Middelen en voornaamste argumenten

De hogere voorziening is gericht tegen het arrest van de Zesde kamer van het Gerecht van de Europese Unie van 15 juli 2015.

Westfälische Drahtindustrie GmbH, Westfälische Drahtindustrie Verwaltungsgesellschaft mbH & Co. KG en Pampus Industriebeteiligungen GmbH & Co. KG voeren ter ondersteuning van hun hogere voorziening de volgende middelen aan:

Ten eerste handelt het Gerecht in strijd met artikel 261 VWEU en artikel 31 van verordening nr. 1/2003 (1), het stelsel van bevoegdheidsverdeling en het institutionele evenwicht alsmede het gebod van effectieve rechterlijke bescherming, nu het Gerecht de grenzen van zijn volledige rechtsmacht miskent en inhoudelijk niet het litigieuze besluit van de Commissie toetst, maar een eigen, onafhankelijke boetebeslissing heeft genomen. Hiermee treedt het Gerecht in de plaats van het bestuur en ontneemt het rekwiranten de mogelijkheid om tegen een onjuiste feitenvaststelling op te komen, aangezien de tegen beslissingen van het Gerecht openstaande rechtsmiddelen beperkt zijn tot rechtsvragen.

Ten tweede is het bestreden arrest in strijd met artikel 261 VWEU en artikel 31 van verordening nr. 1/2003 voor zover het Gerecht het voor de beoordeling van de feitelijke en juridische situatie relevante tijdstip miskent en in het kader van de — zoals hiervoor uiteengezet bovendien onjuiste — uitoefening van zijn volledige rechtsmacht uitgaat van de juridische en feitelijke situatie ten tijde van zijn uitspraak, althans omstandigheden die zich in de jaren 2011 tot en met 2013 en dus na het litigieuze besluit van de Commissie hebben voorgedaan. De door het Gerecht genoemde, „in deze zin” op te vatten arresten bieden geen steun voor zijn oordeel. Veeleer wordt uit de rechtspraak van de Europese rechters duidelijk dat met aanvullende gegevens uitsluitend ten gunste van de betrokken ondernemingen rekening mag worden gehouden, en ook enkel indien deze gegevens ten tijde van het besluit van de Commissie reeds voorhanden waren.

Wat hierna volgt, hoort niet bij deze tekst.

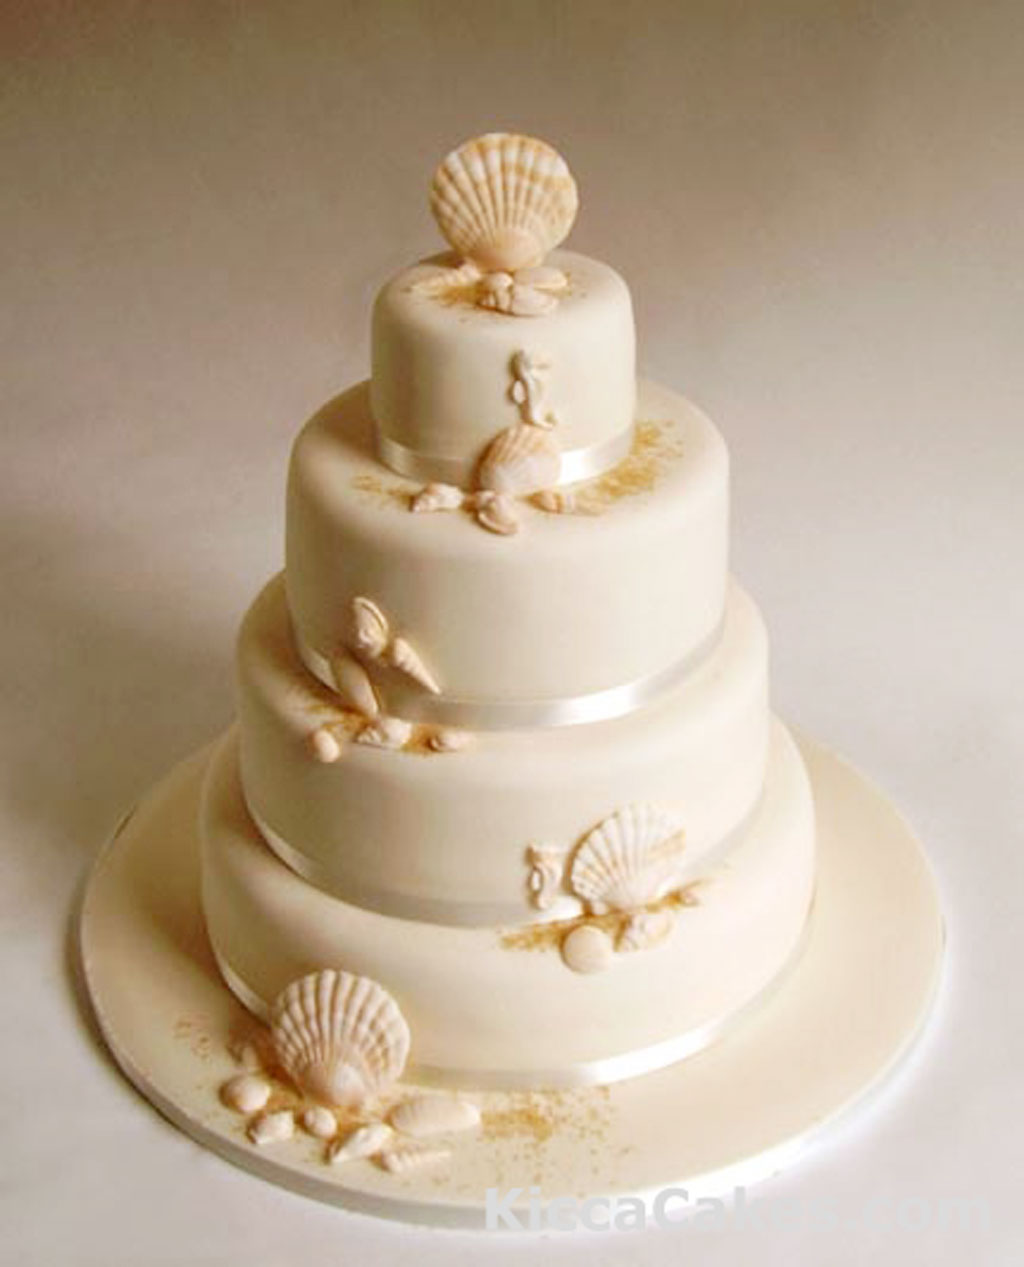 Chocolate Seashells For Wedding Cakes

Ten derde handelt het Gerecht als gevolg van schending van het evenredigheidsbeginsel en het beginsel van gelijke behandeling in strijd met de grondrechten van rekwiranten. Doordat het Gerecht het in verband met punt 35 van de boeterichtsnoeren geformuleerde beginsel veronachtzaamt inhoudend dat ondernemingen die zijn aangewezen op betaling van de geldboete in termijnen, deze boete in de regel binnen 3-5 jaar moeten kunnen voldoen, legt het rekwiranten een onevenredige geldboete op, die zij hooguit over een extreem lange periode kunnen afbetalen. In het kader van zijn analyse van het beginsel van gelijke behandeling in relatie tot de toepassing van de in verband met punt 35 van de boeterichtsnoeren ontwikkelde beginselen alsmede wat betreft het relevante tijdstip miskent het Gerecht bovendien dat het om vergelijkbare situaties gaat.

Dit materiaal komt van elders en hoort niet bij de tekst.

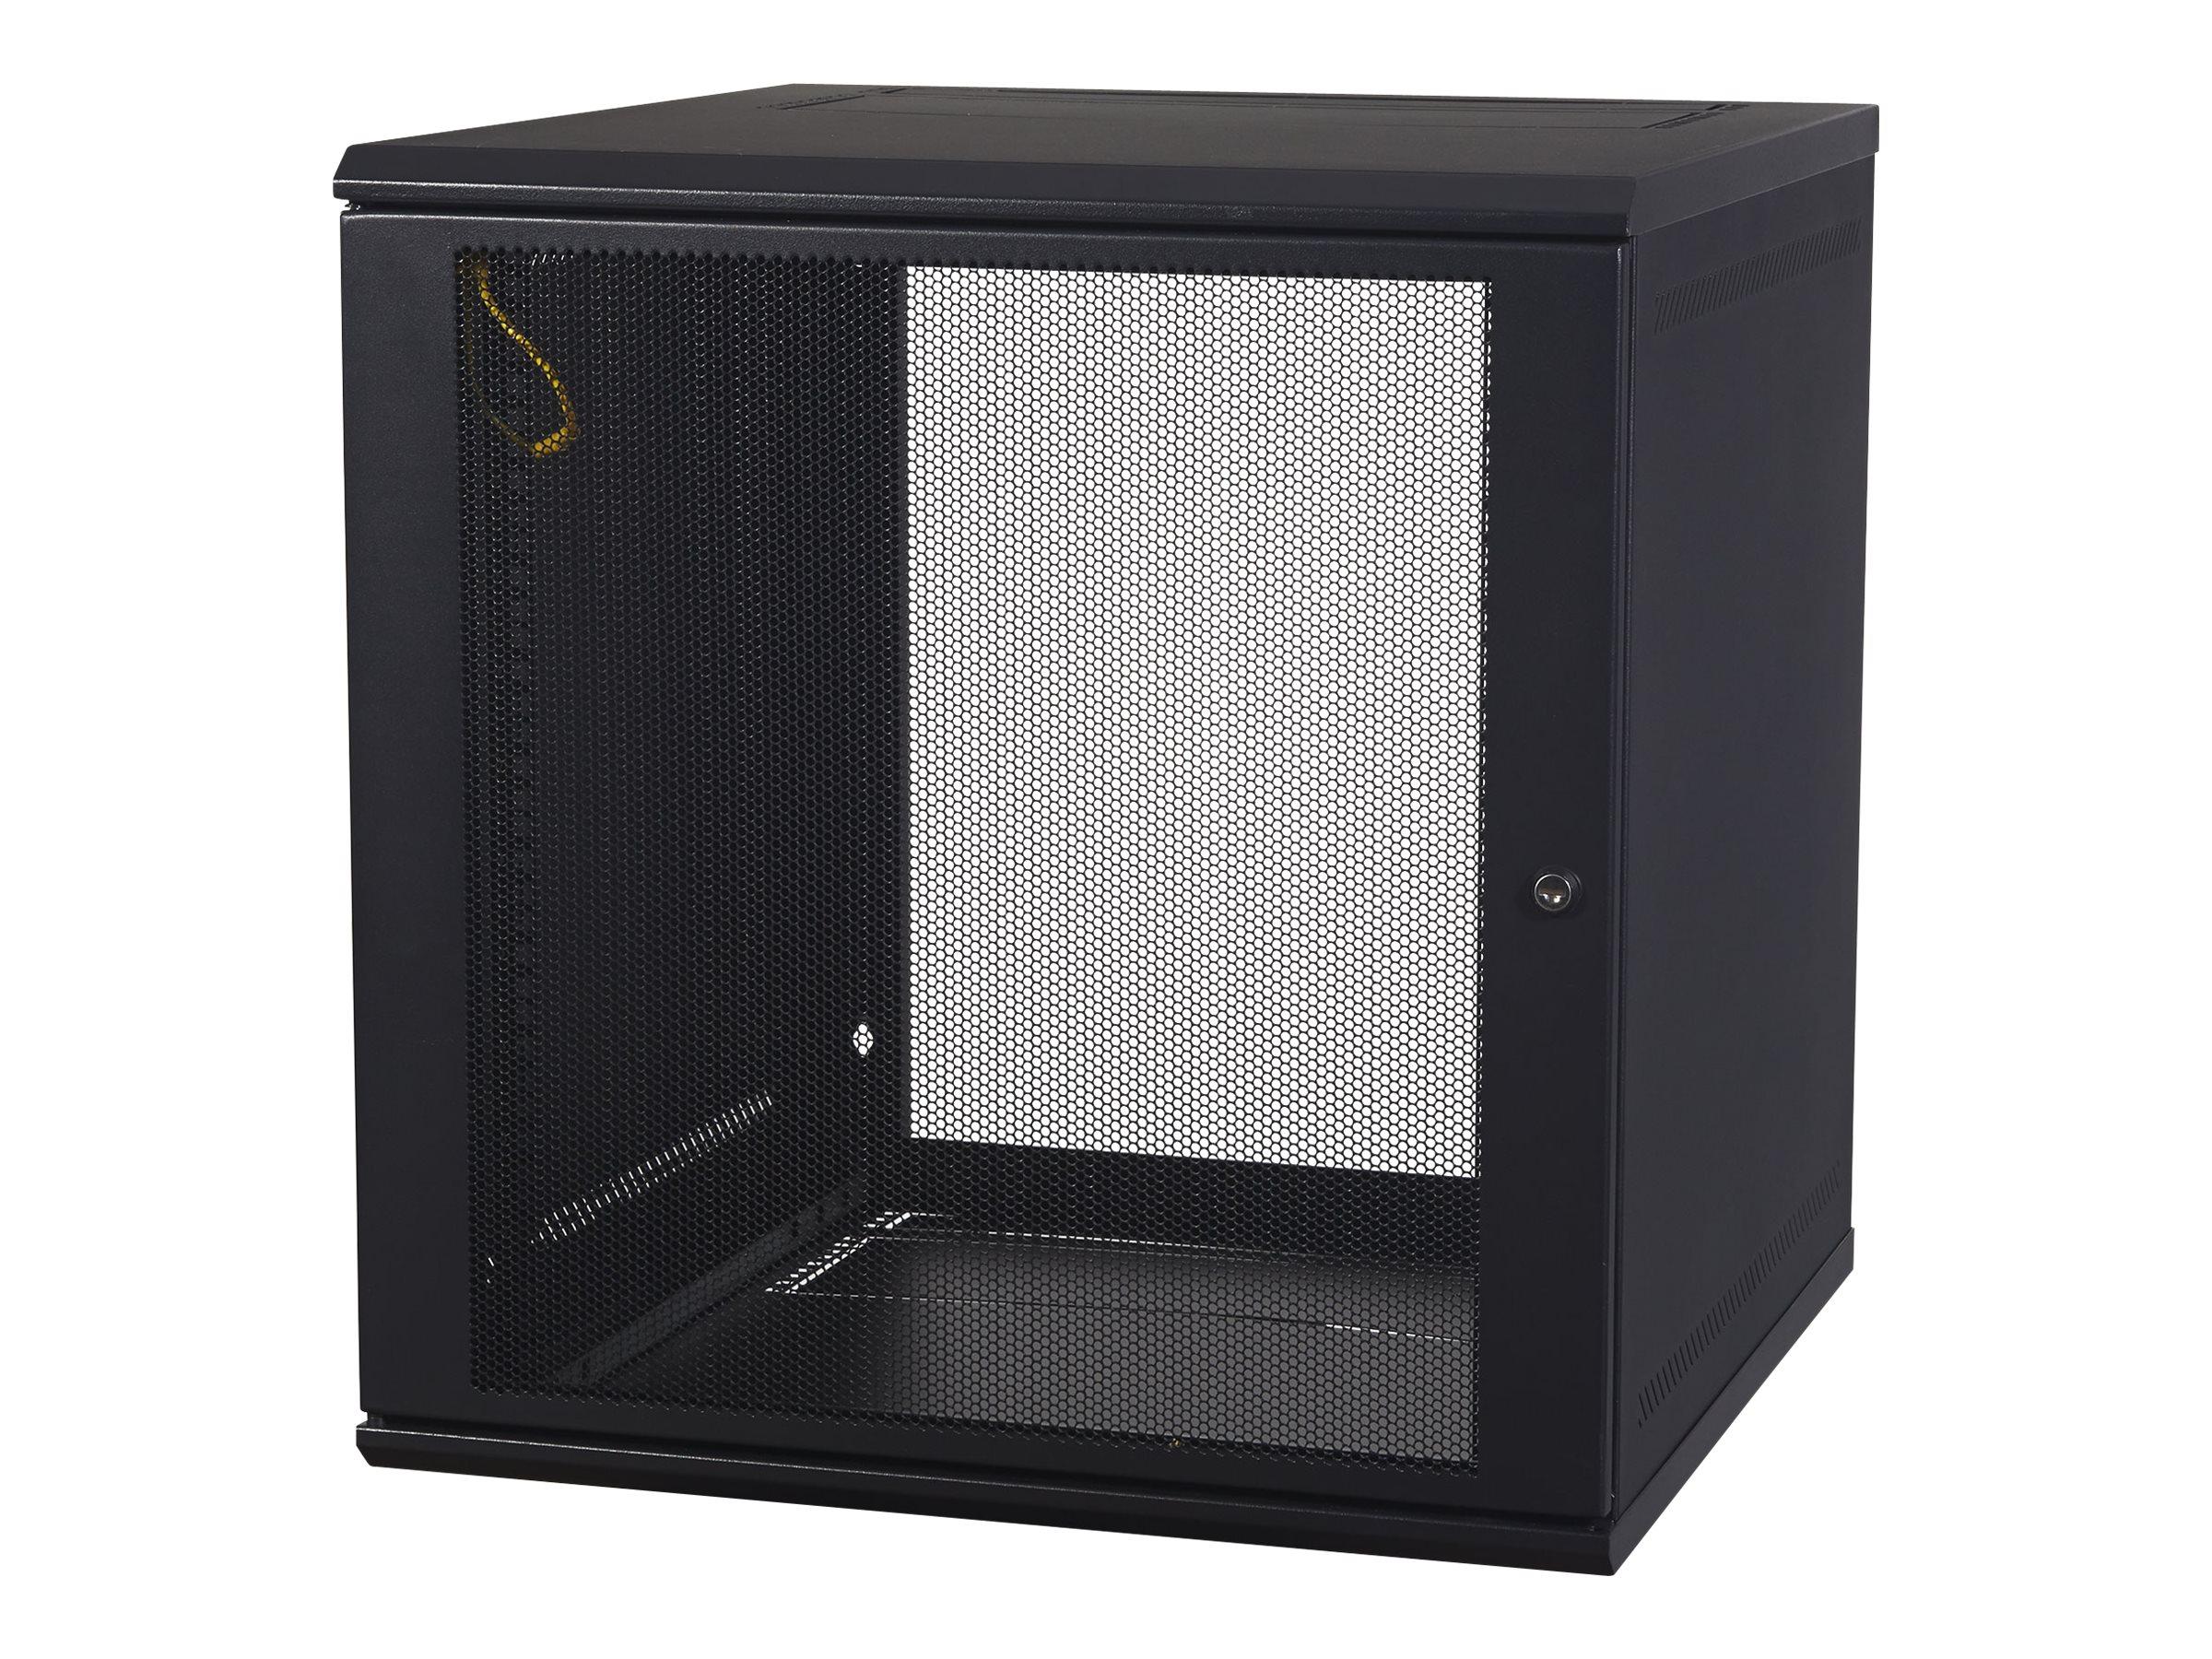 APC Netshelter WX 12U Wall Mount Cabinet, Instant Rebate - Save $35

Ten slotte handelt het Gerecht met het bestreden arrest in strijd met het fundamentele procedurele recht van rekwiranten op effectieve rechterlijke bescherming, doordat het Gerecht zich bij de uitoefening van zijn volledige rechtsmacht beperkt tot de door de Commissie verrichte berekening van de geldboete en de door partijen aangedragen feiten. Dit beantwoordt niet aan de volledige en onbeperkte toetsing door een onpartijdige instantie die in het kader van effectieve rechterlijke bescherming tegen boetebesluiten van de Commissie is vereist.


(1)  Verordening (EG) nr. 1/2003 van de Raad van 16 december 2002 betreffende de uitvoering van de mededingingsregels van de artikelen 81 en 82 van het Verdrag; PB L 1, blz. 1.